*** Supplied material Section Begins ***

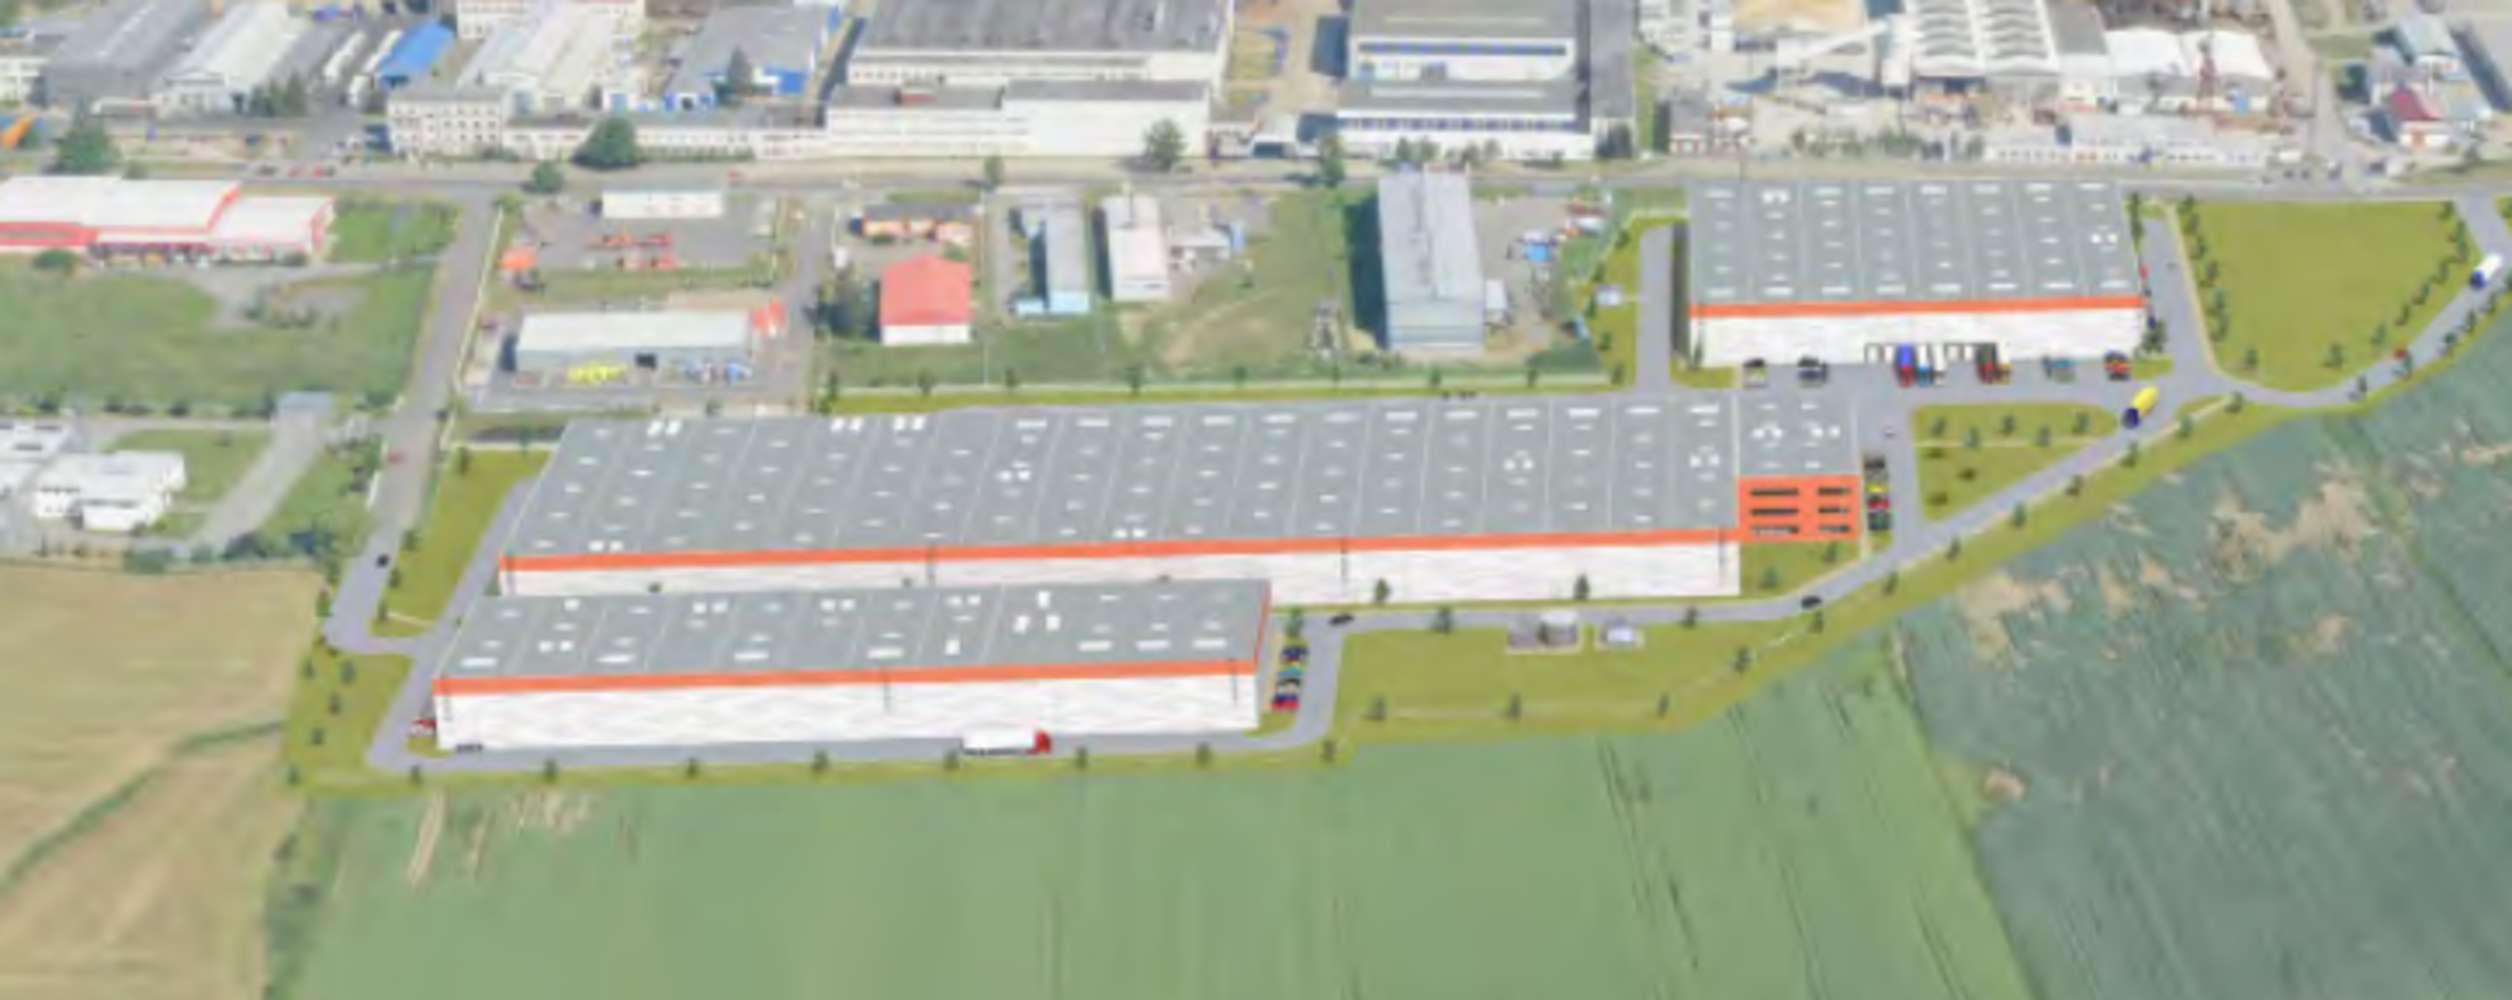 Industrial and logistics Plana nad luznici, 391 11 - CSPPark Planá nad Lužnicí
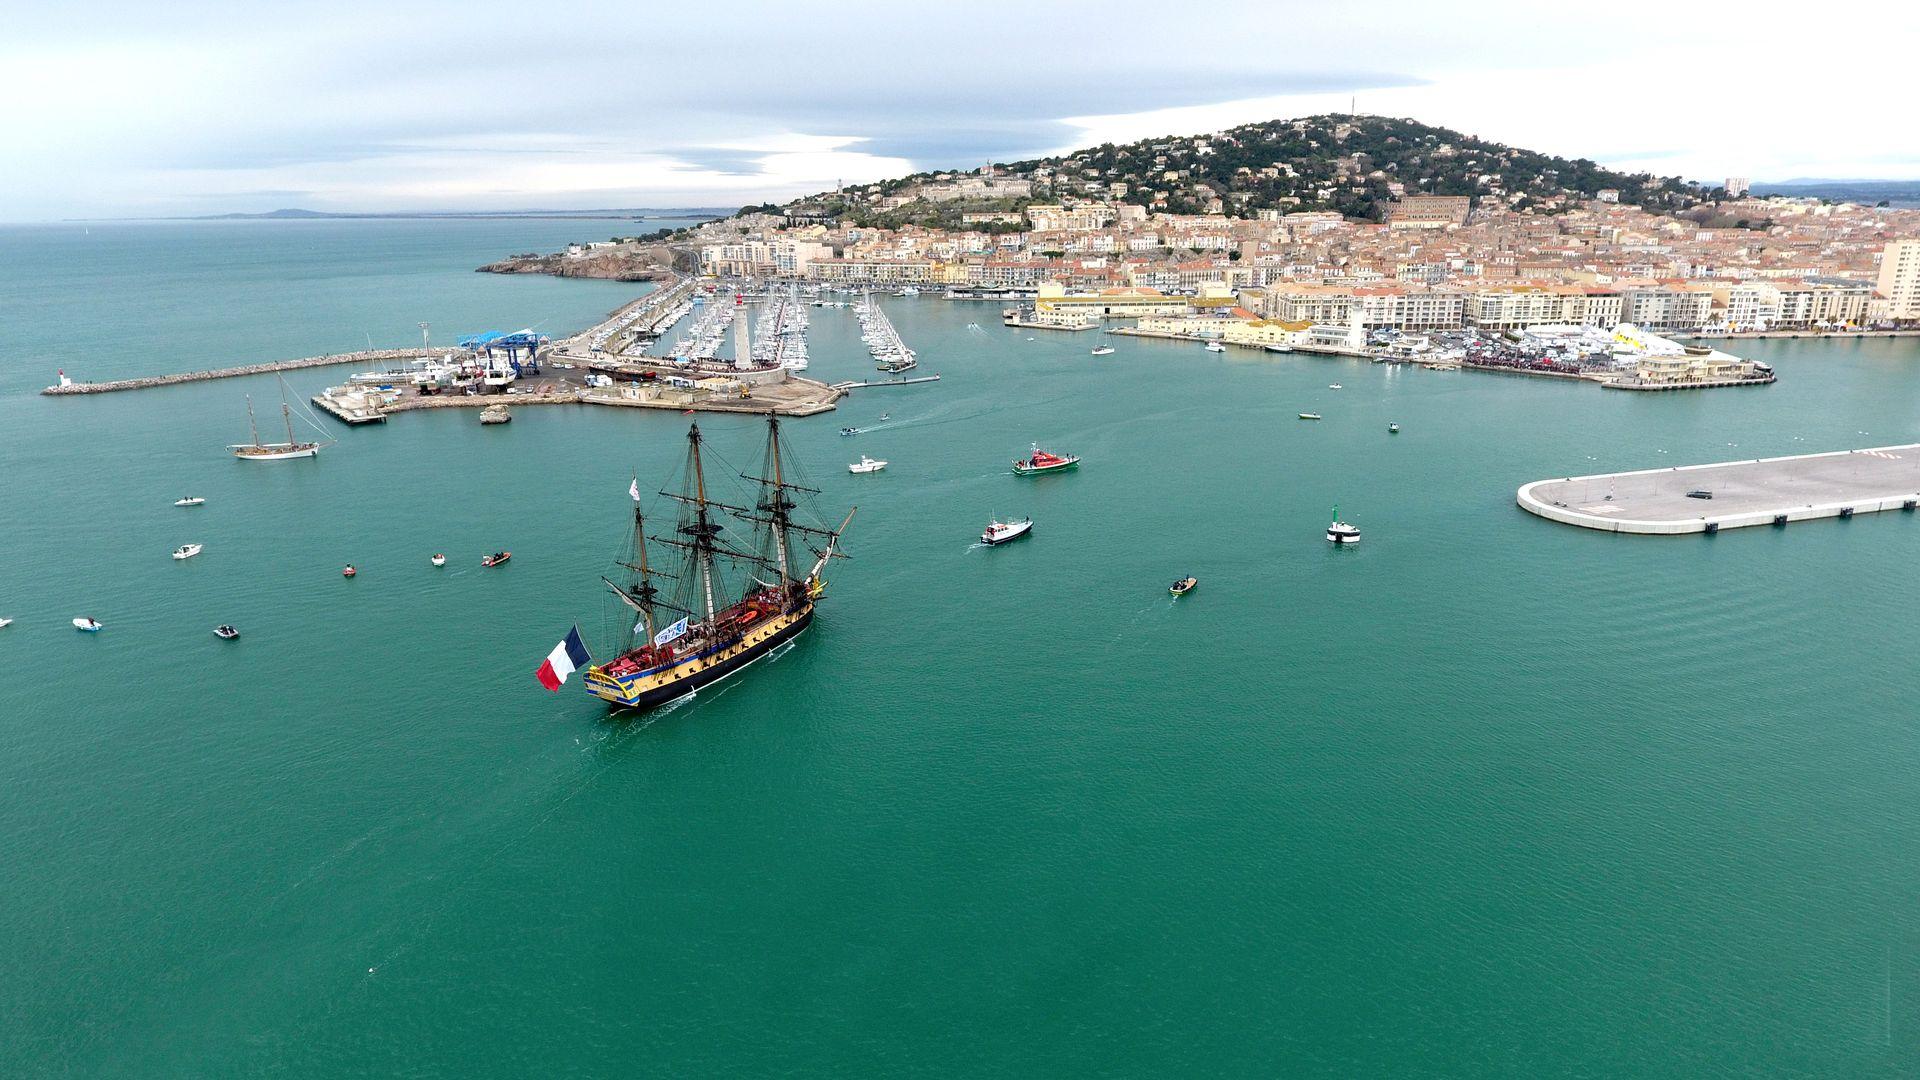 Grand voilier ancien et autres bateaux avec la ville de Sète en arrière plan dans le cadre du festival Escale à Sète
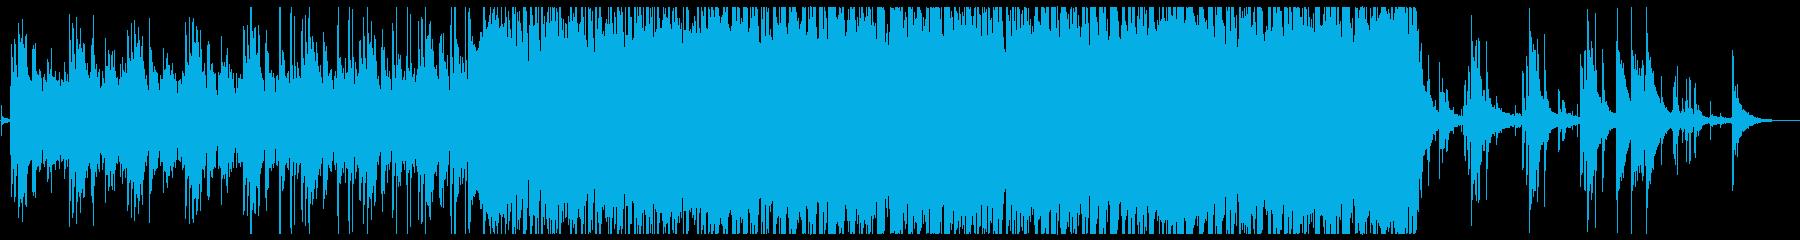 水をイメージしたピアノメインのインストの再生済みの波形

*** Supplied material Section Ends ***

Leaving the images out, retype all the material above exactly.

### Solution to this task:
 Industrial and logistics Plana nad luznici, 391 11 - CSPPark Planá nad Lužnicí
 Grand voilier ancien et autres bateaux avec la ville de Sète en arrière plan dans le cadre du festival Escale à Sète
 水をイメージしたピアノメインのインストの再生済みの波形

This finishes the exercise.